The market is also benefiting from the global shift toward decentralized, customer-centric energy models that emphasize transparency, digitalization, and sustainability. The Energy Management Services segment alone is expected to grow from USD 15 billion in 2024 to USD 39 billion by 2035, highlighting the strong potential for digital transformation in the energy industry.
Segment Analysis
The Global Energy as a Service (EaaS) Market has been segmented based on Service Type, End User, Energy Source, Solution Type, and Region.

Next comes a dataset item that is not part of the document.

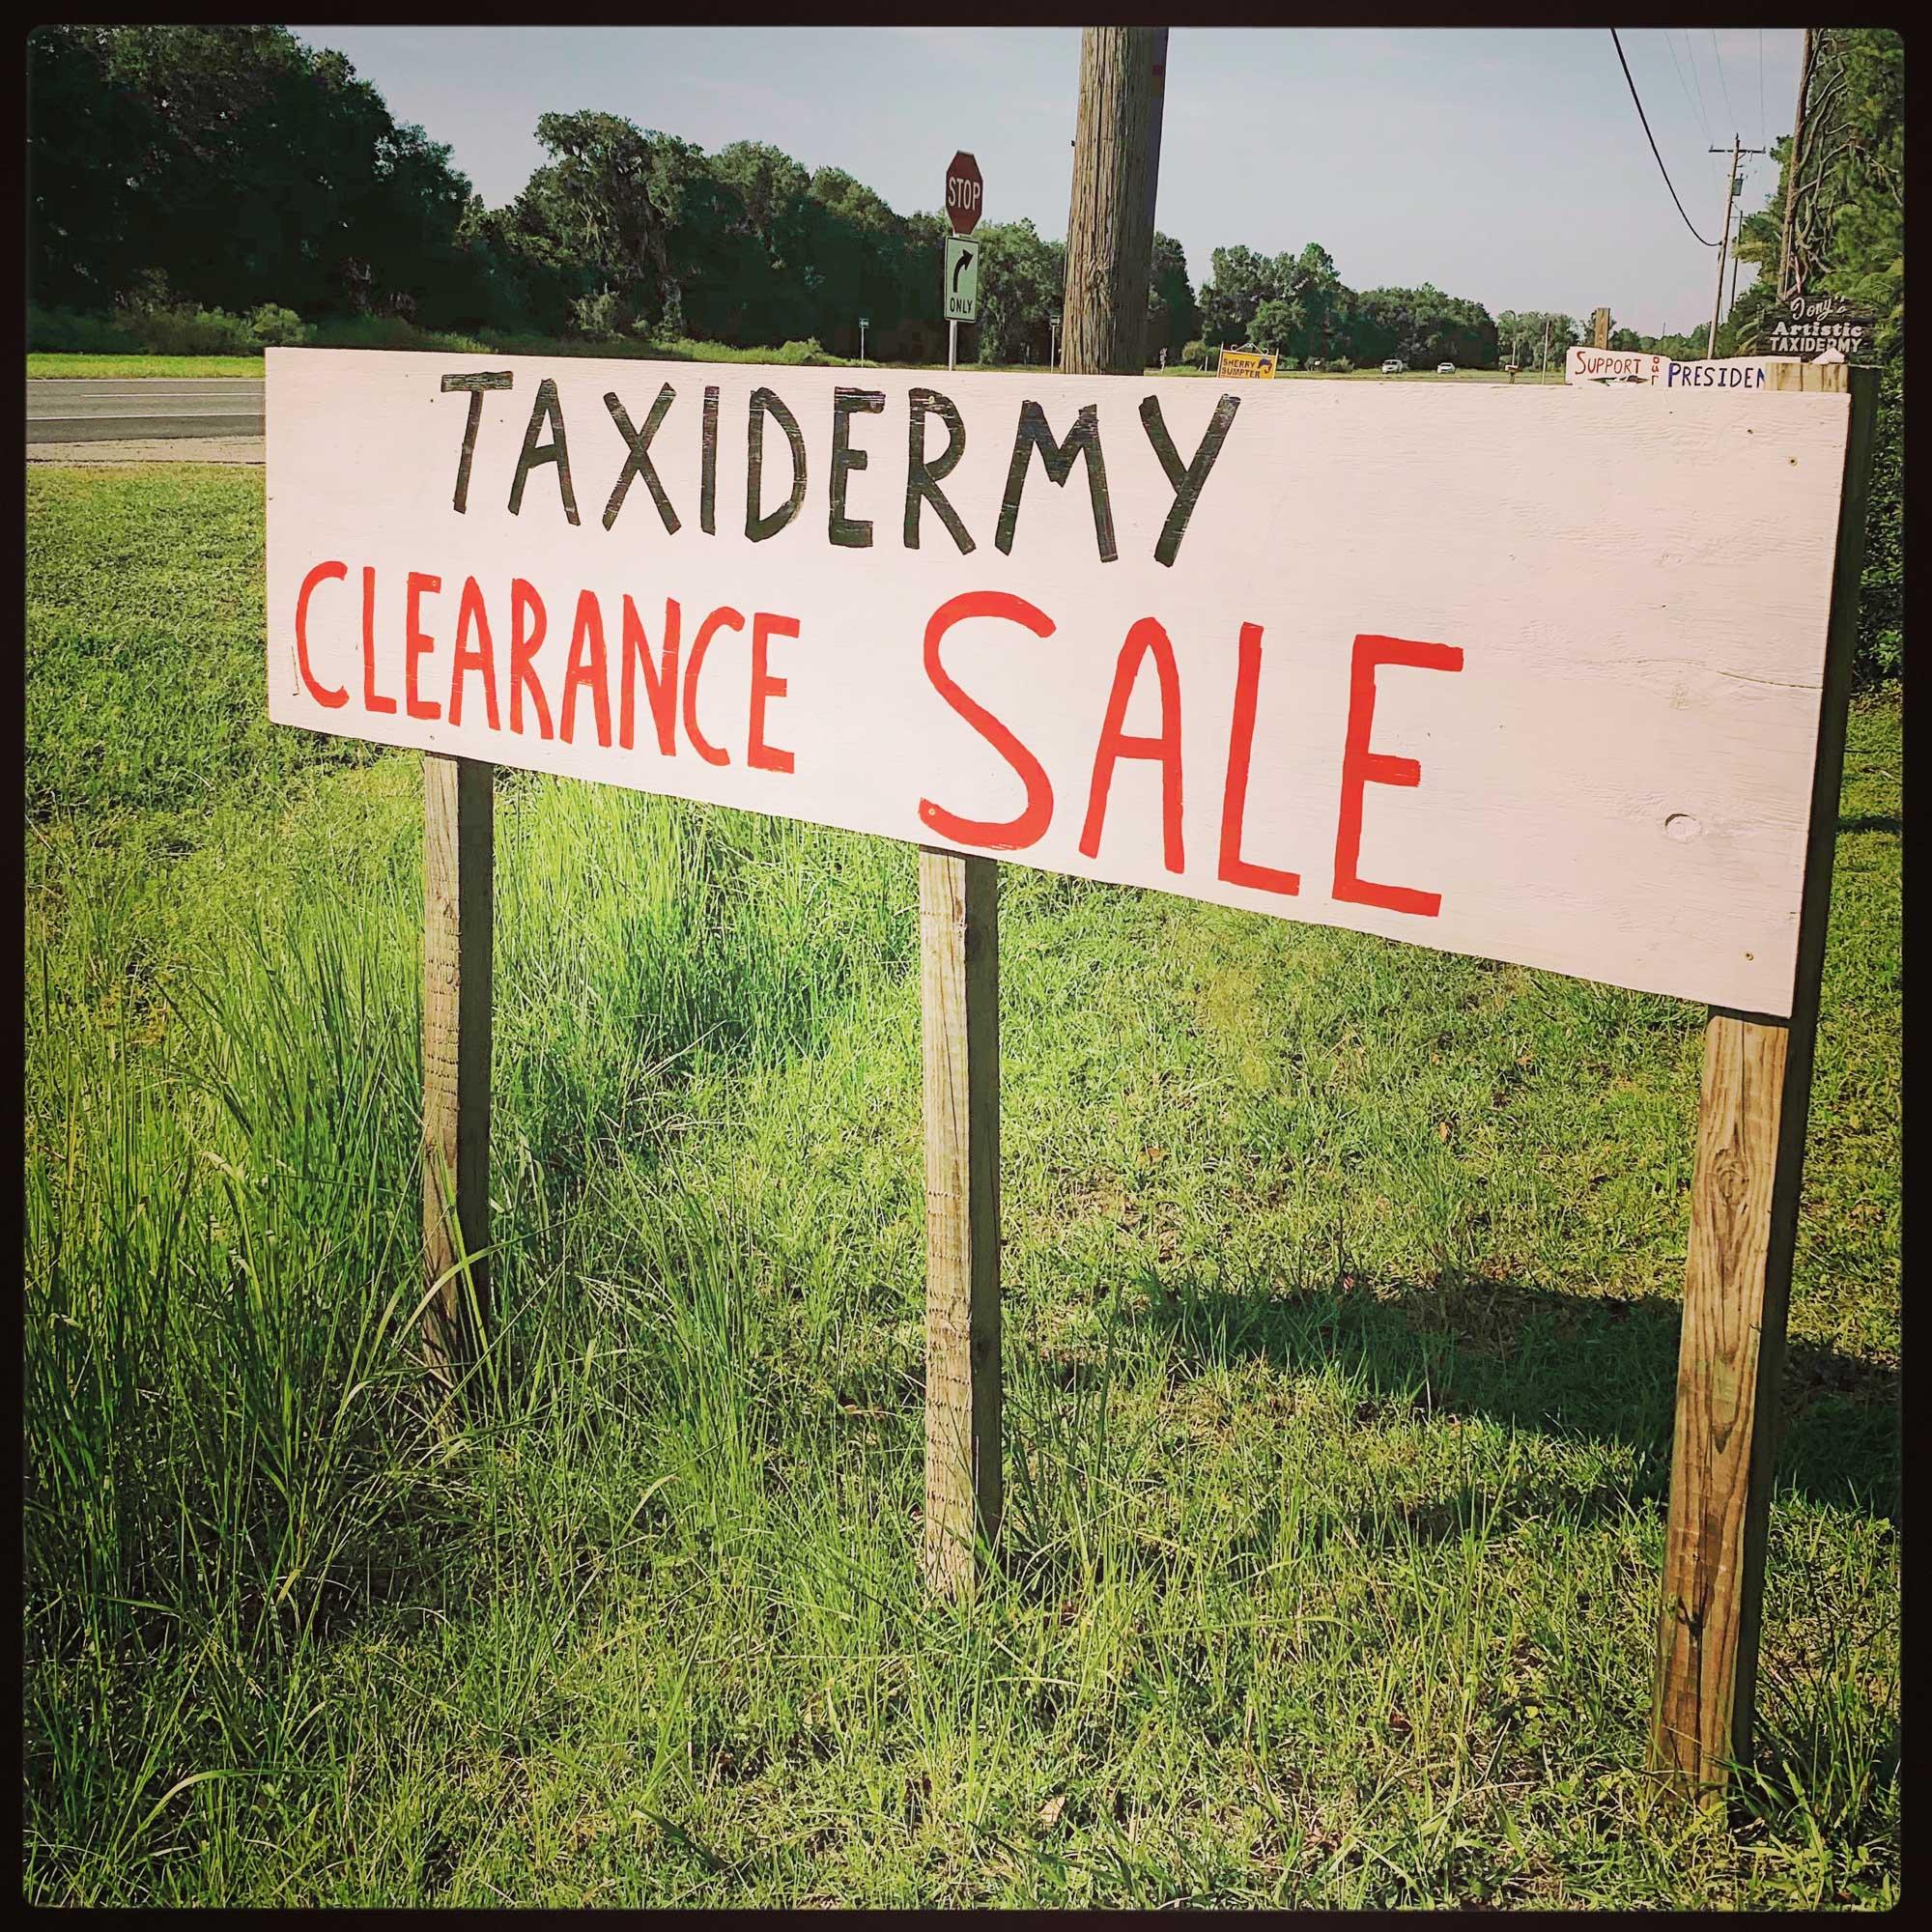 Taxidermy Sale
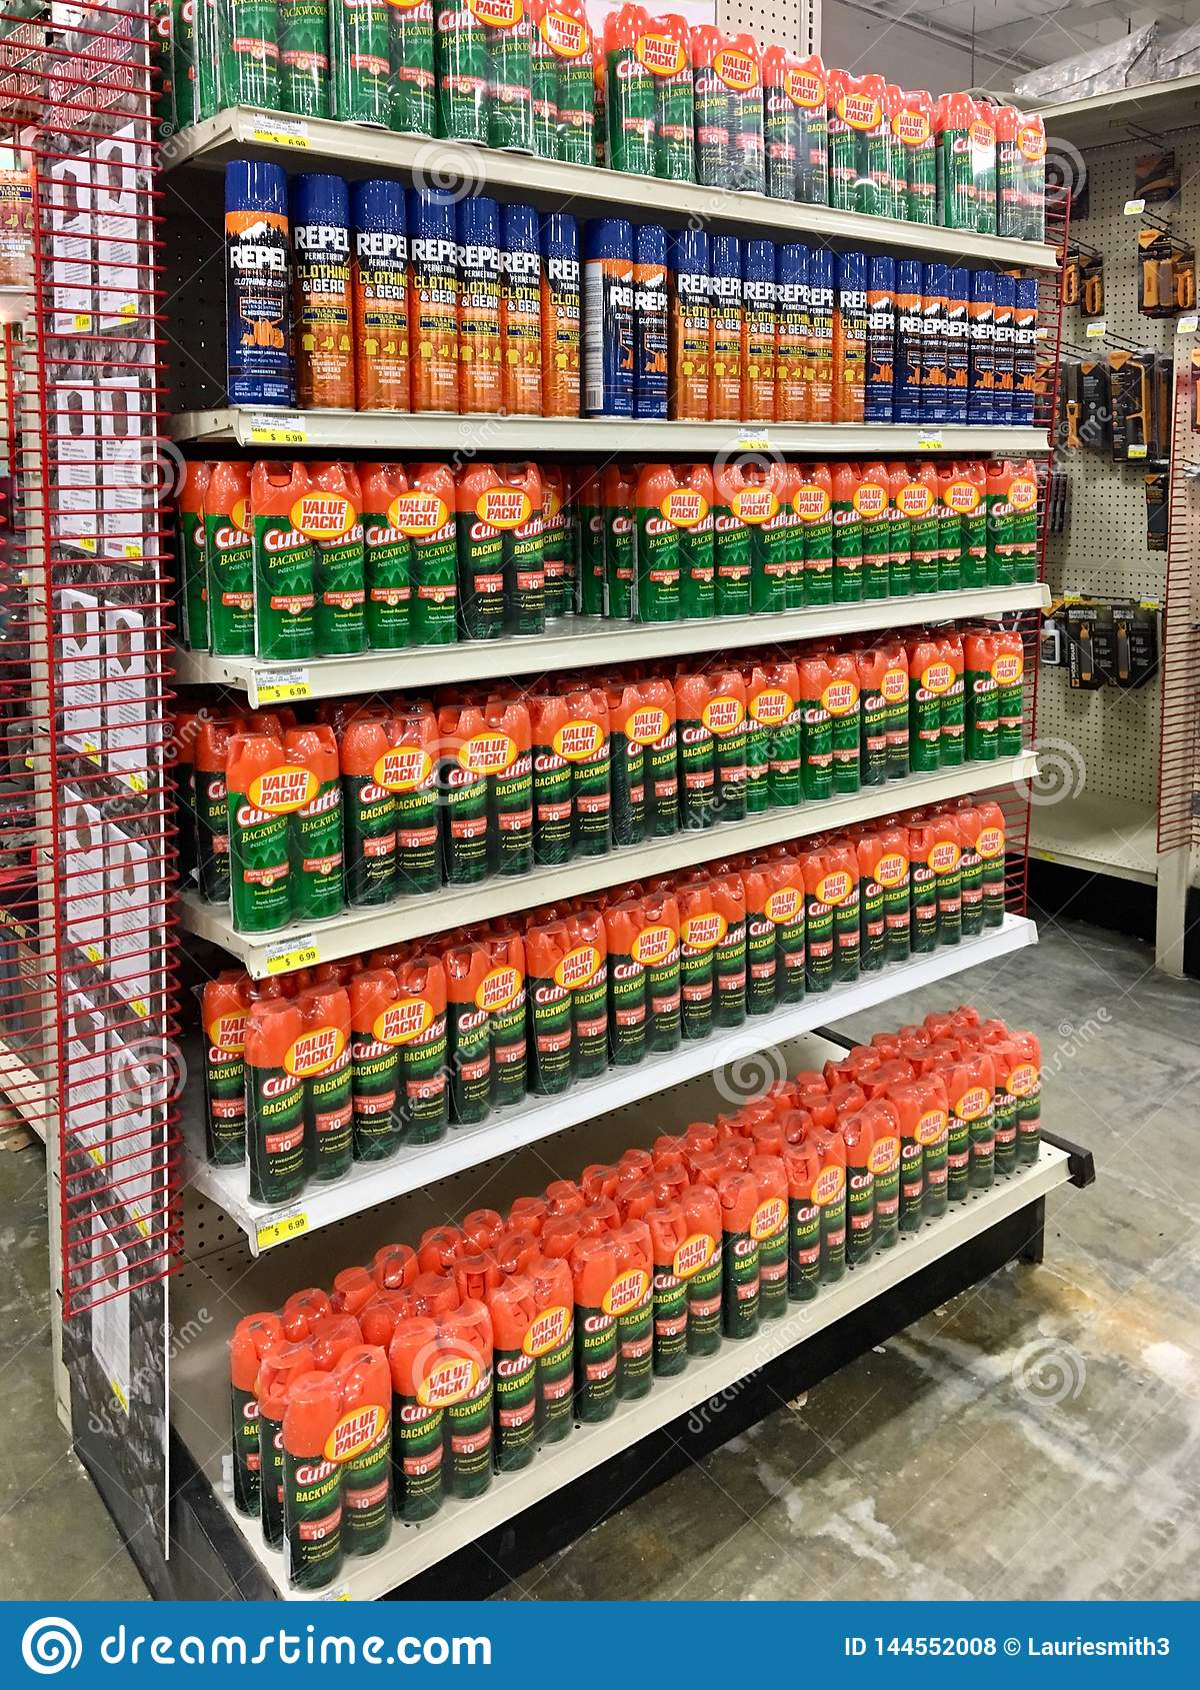 ΚΥΡΙΟ ΆΡΘΡΟ: Διάφορες απωθητικές ουσίες εντόμων για την πώληση σε έναν

Based on Service Type, the market is segmented into Energy Supply Services, Energy Management Services, Demand Response Services, and Distributed Energy Resource Management Services. Among these, Energy Management Services hold the largest share in 2024, valued at USD 15 billion, and are expected to reach USD 39 billion by 2035, driven by rising corporate demand for sustainable and cost-effective energy operations. Demand Response Services are projected to grow from USD 10 billion in 2024 to USD 25.5 billion by 2035, driven by grid optimization efforts and renewable energy integration.
The market is categorized into Residential, Commercial, Industrial, and Government, based on End User. The Commercial and Industrial sectors dominate due to rising energy costs, decarbonization mandates, and increasing adoption of digital energy management platforms. The Government segment also plays a critical role in driving demand through incentive programs and carbon neutrality goals.
Based on Energy Source, the market is divided into Renewable Energy, Conventional Energy, and Hybrid Energy. Renewable Energy is gaining the highest momentum, supported by favorable policies, corporate sustainability targets, and declining technology costs in solar and wind generation.
The market, by Solution Type, includes Software Solutions, Hardware Solutions, and Integrated Solutions. Software Solutions dominate this category, enabling real-time analytics, monitoring, and automation, while Integrated Solutions—which combine digital and physical infrastructure—are projected to witness rapid adoption as enterprises shift toward end-to-end energy ecosystems.
Regional Analysis
By Region, the Global Energy as a Service (EaaS) Market is segmented into North America, Europe, Asia-Pacific, South America, and the Middle East & Africa.
North America dominated the market in 2024, valued at USD 20 billion, supported by robust renewable energy initiatives, the proliferation of smart grids, and a well-established base of EaaS providers. The U.S. leads the region with strong investments in energy optimization and sustainability programs.
Europe accounted for USD 15 billion in 2024, driven by stringent government regulations promoting energy efficiency and decarbonization. Countries like Germany, France, and the U.K. are actively adopting EaaS models to achieve climate-neutrality goals by 2050.
The Asia-Pacific (APAC) region is projected to record the fastest growth, increasing from USD 6 billion in 2024 to over USD 25 billion by 2035. Rapid industrialization, urbanization, and the adoption of renewable energy in China, India, and Southeast Asia are driving regional expansion.
South America and the Middle East & Africa collectively accounted for USD 5 billion in 2024, with growth driven by infrastructure modernization and diversification of energy sources to reduce dependency on fossil fuels.
Key Findings of the Study
- The Global Energy as a Service Market is projected to reach USD 120 billion by 2035, growing at a CAGR of 9.05% (2025–2035).
- North America dominates the market, while Asia-Pacific is expected to witness the fastest growth.
- Energy Management Services remain the most significant service segment, fueled by corporate sustainability initiatives.
- Renewable Energy leads the energy source segment, driven by global climate commitments.
- NextEra Energy, Siemens, Schneider Electric, ENGIE, and Enel are key players shaping the market through technological innovation, mergers, and strategic partnerships.